Enable and Execute Event Scripts
Event scripts are stored on a device’s hard disk in the
/var/db/scripts/event directory or on the flash
drive in the /config/scripts/event directory. Only
users in the super-user
login class can access and edit
files in these directories. For information about setting the storage
location for scripts, see Store and Enable Junos Automation Scripts and Store Scripts in Flash Memory.

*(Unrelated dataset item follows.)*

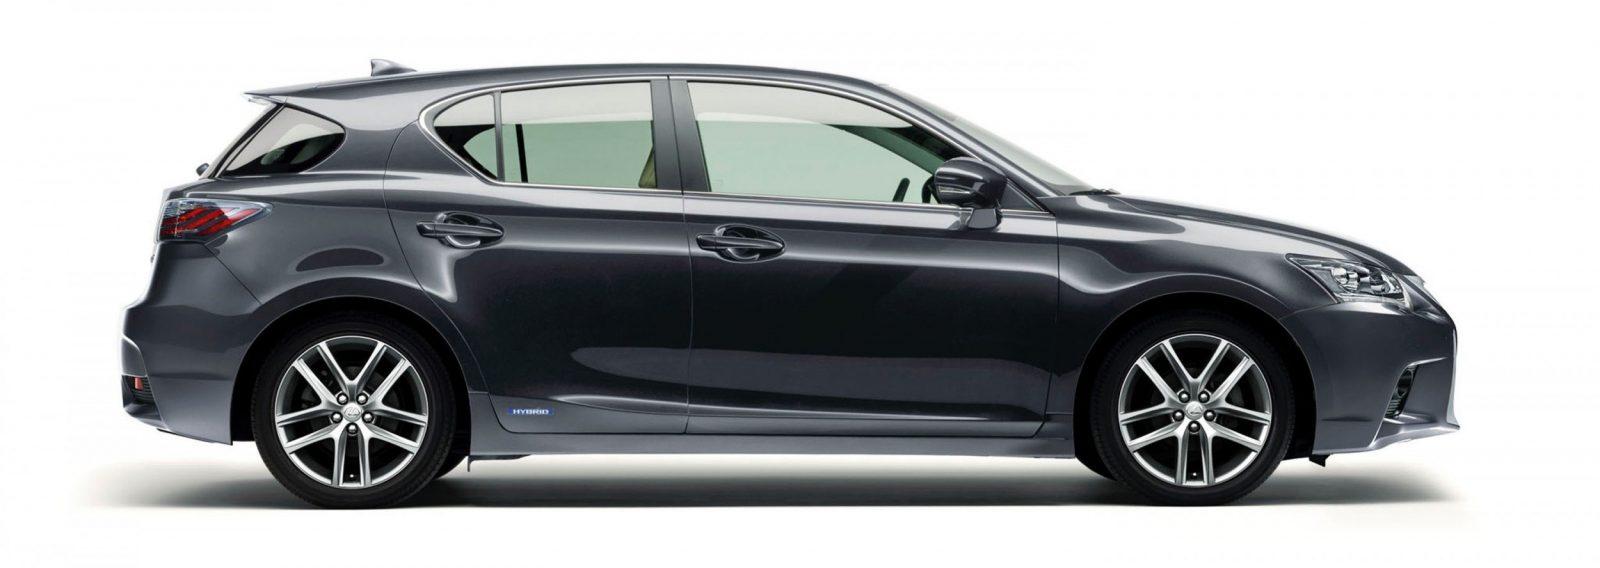 2014_Lexus_CT_200h_005

To prevent the execution of unauthorized Python code on Junos devices, unsigned Python scripts
must meet certain requirements before you can execute the scripts on a
device. Unsigned Python scripts must be owned by either root or a user in
the super-user
login class, and only the file owner can
have write permission for the file. For detailed information about the
requirements for executing Python automation scripts, see Requirements for Executing Python Automation Scripts on Junos Devices.

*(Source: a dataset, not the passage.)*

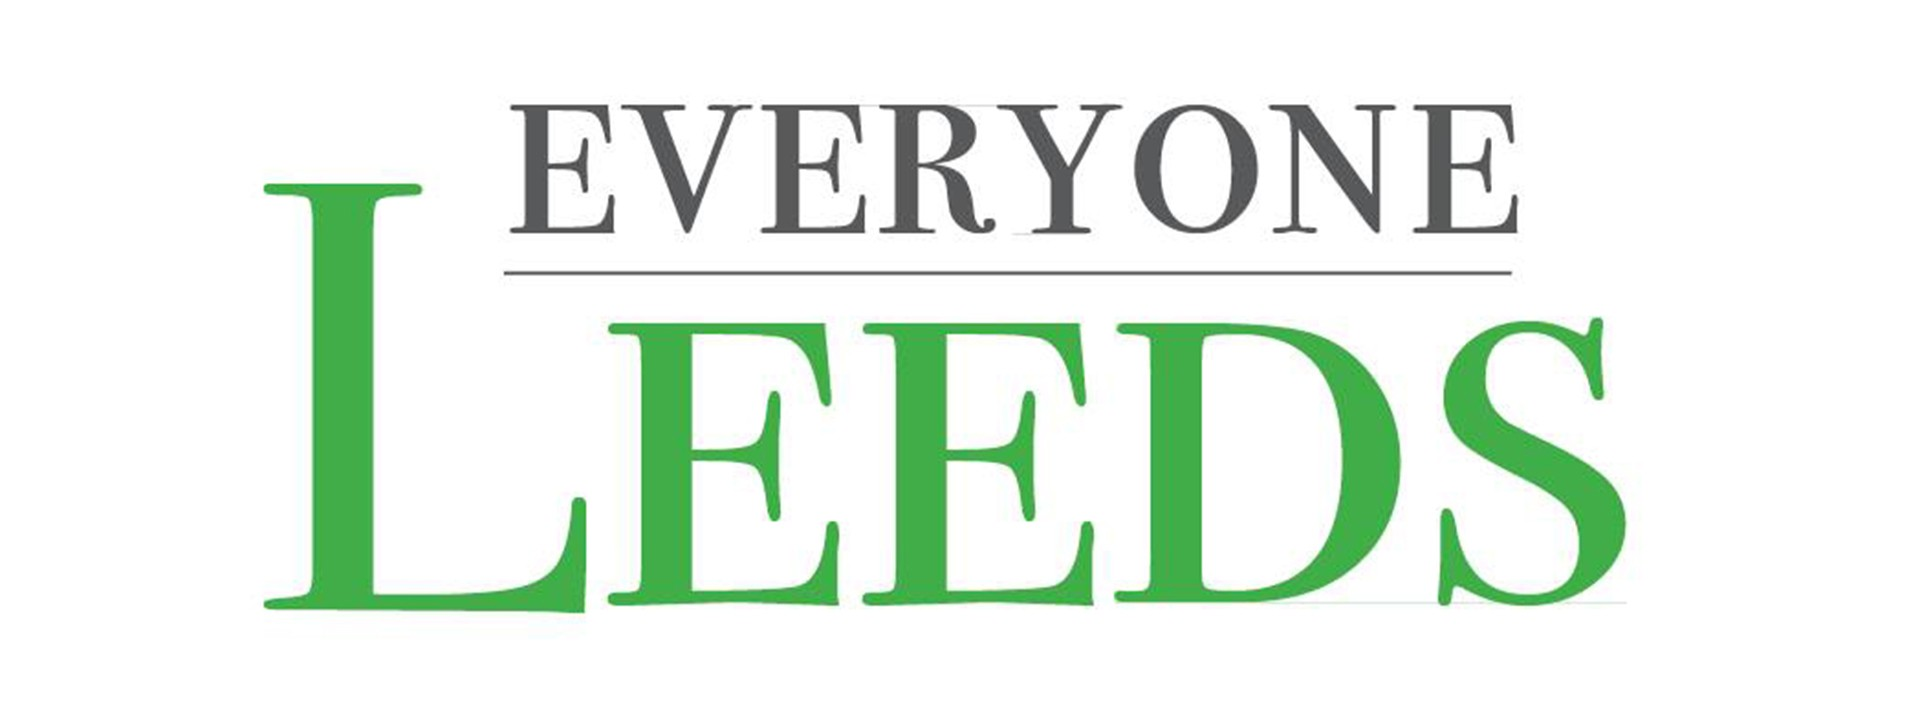 Everyone Leeds logo_1920x720

If the device has dual Routing Engines and you want to
enable an event script to execute on both Routing Engines, you can
copy the script to the /var/db/scripts/event or /config/scripts/event directory
on both Routing Engines, or you can issue the commit synchronize
scripts
command to synchronize the configuration and copy the
scripts to the other Routing Engine as part of the commit operation.
You must enable an event script before you can execute it. To enable an event script, include the
file filename
statement
at the [edit event-options events-script]
hierarchy level,
and specify the filename of the event script. Only users in the
super-user
login class can enable event
scripts.
[edit event-options event-script] user@host# set file filename
SLAX and Python scripts must include the .slax or .py filename extension, respectively, in both the actual script name and the filename in the configuration. XSLT scripts do not require a filename extension, but we strongly recommend that you append the .xsl extension. In either case, the configured filename must exactly match the filename of the script in the directory. For example, if the XSLT script filename is script1.xsl, then you must include script1.xsl in the configuration. Likewise, if the XSLT script filename is script1, then you must include script1 in the configuration.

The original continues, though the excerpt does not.